Hasta la actualidad el proyecto Cóndor Cliff-La Barrancosa lleva insumido unos 2.000 millones de dólares, 12 años de construcción y no más del 35/38% del avance de la obra en total.
Comparaciones odiosas pero necesarias
Cuando digo que la Argentina es un país neta y funcionalmente corrupto, con una clase política abyecta, mendaz, inútil e insensible, obviamente producto de políticos esencialmente deshonestos, una justicia inexistente con jueces y Tribunales de dudosa moral y un aparato judicial funcional a los ladrones de guantes blancos que simulan gobernar el país y las provincias, hacemos alusión a esto: mientras hace 12 años se construye una obra cuyo costo final fue establecido en 4.800 millones de dólares, actualmente no lleva más del 38% de avance y el país se endeudó en 2000 millones de dólares y lo comparamos con lo que pasa en otras partes del mundo, cómo se manejan los recursos significativamente menos y la grandiosidad de los logros, recién allí podemos enteder de qué hablamos.

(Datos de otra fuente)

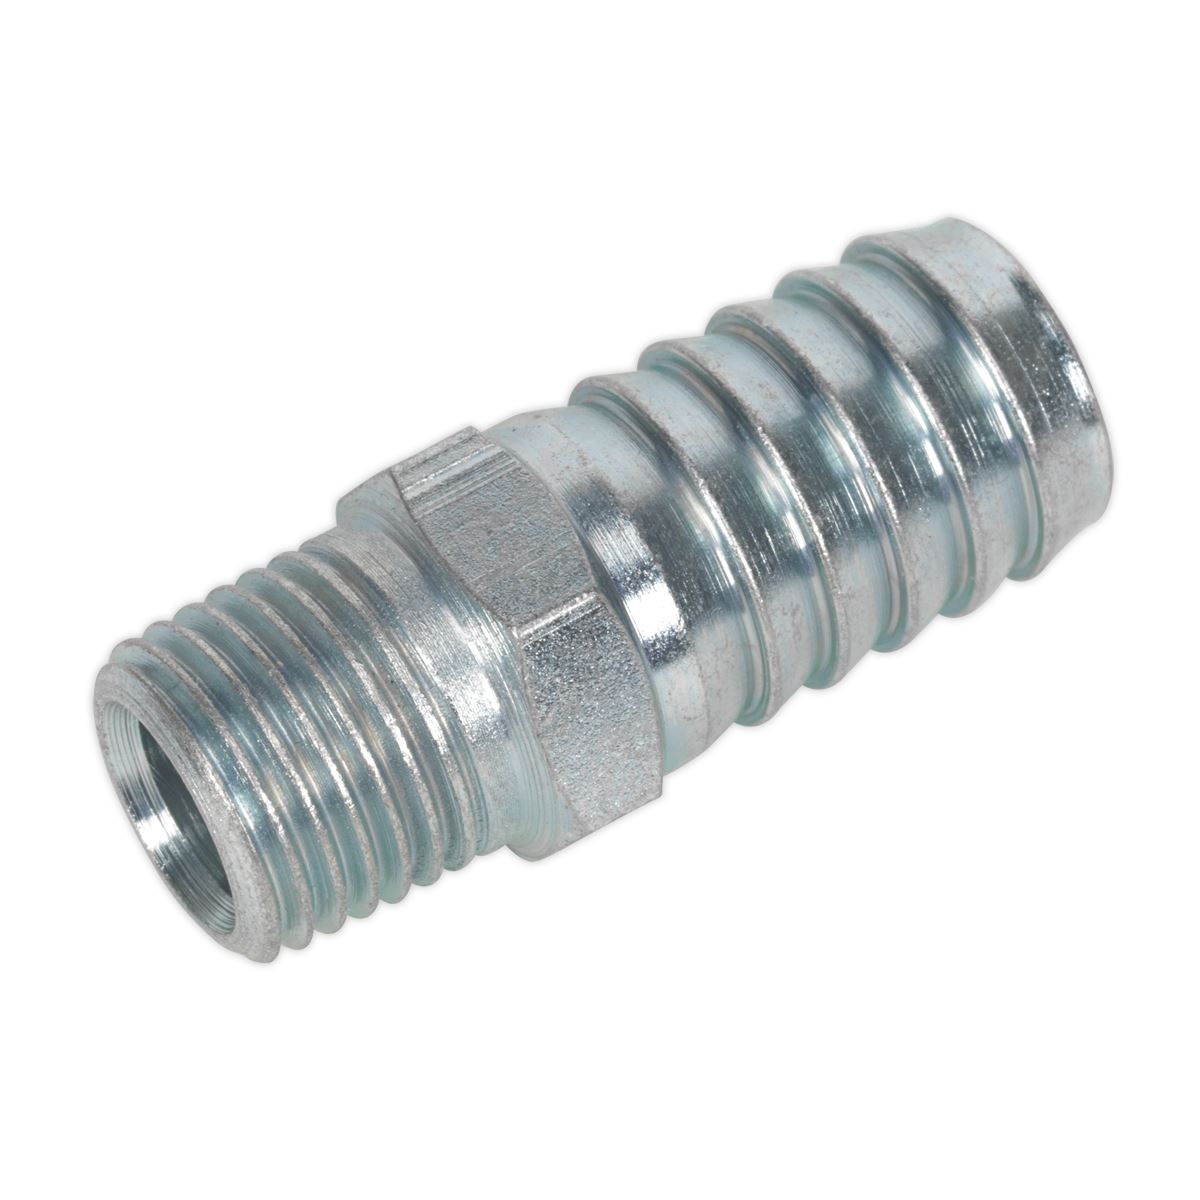 PCL Screwed Tailpiece Male 1/4"BSPT - 1/2" Hose Pack of 5

Existen miles de ejemplos en el mundo, pero vamos a tomar uno de los tantos situado en el Golfo Pérsico, el Burj Khalifa, el cual, debido a su complejidad de construcción llevó ingentes sumas de dinero, solo para asentar las bases inestables que dificultan las arenas del desierto.
Nos referimos al edificio más alto del mundo de 828 metros de altura, 163 pisos, 57 ascensores, asentado sobre una base especialmente construida para soportar el enorme peso estructural, los grandes vientos y tormentas de arenas que hay allí. Alberga al Hotel Armani, residencias privadas de súper lujo, oficinas corporativas, restaurantes y los miradores más altos del mundo.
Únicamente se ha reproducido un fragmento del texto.